After I Killed My Mother and Heartbeats, 23-year-old filmmaker Dolan gets even more ambitious with this epic-length romantic drama. Not all of his flourishes work, and the film is far too long, but there are moments of artistic genius all the way through that make it worth seeing. It's also anchored by two terrific central performances that work their way under our skin.

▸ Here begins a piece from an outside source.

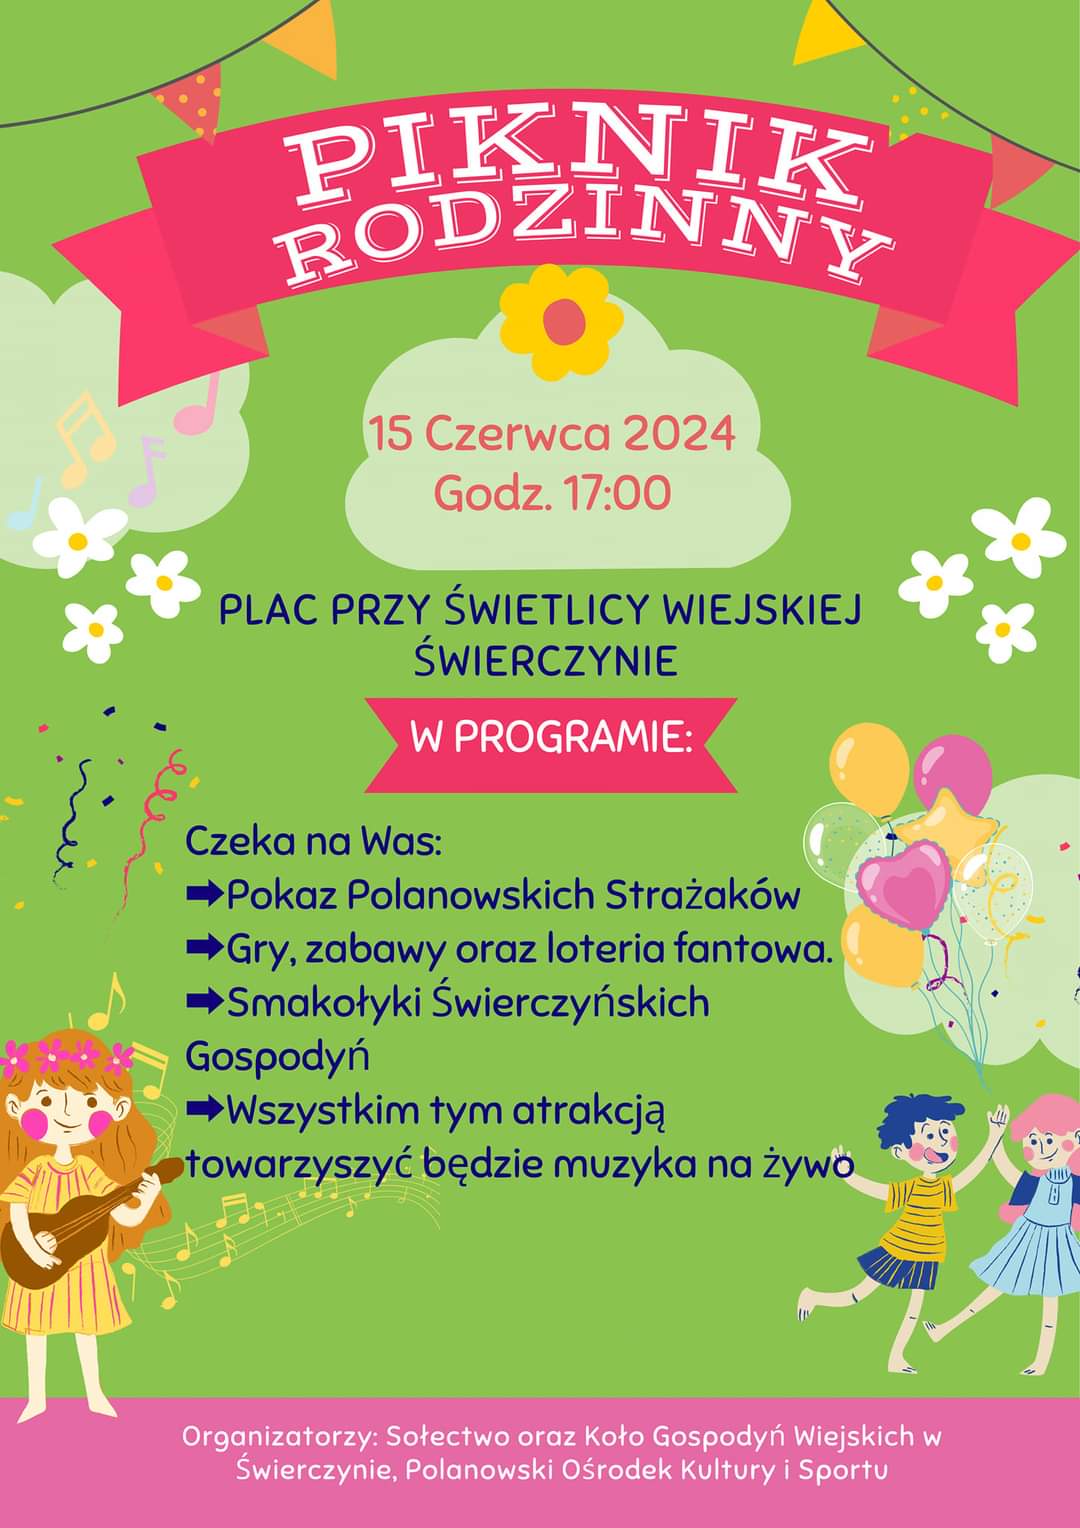 Plakat z zaproszeniem na piknik rodzinny w Świerczynie 15 czerwca 2024

At the centre is the free-spirited relationship between Laurence (Poupaud) and his long-time girlfriend Fred (Clement). But Fred is caught completely off-guard when Laurence tells her that he has always felt like he was a man in a woman's body, and now he wants to start the transition to become female. She initially rejects him, but realises that she still loves him, regardless of his gender. His mother (Baye) takes longer to come round. And for Laurence the treatment from his colleagues and society at large is even more difficult to cope with, as he's the brunt of rampant bigotry. Over the course of a decade, his relationship with Fred is stretched to the breaking point, and after a few years apart they meet up again to see if they still belong together.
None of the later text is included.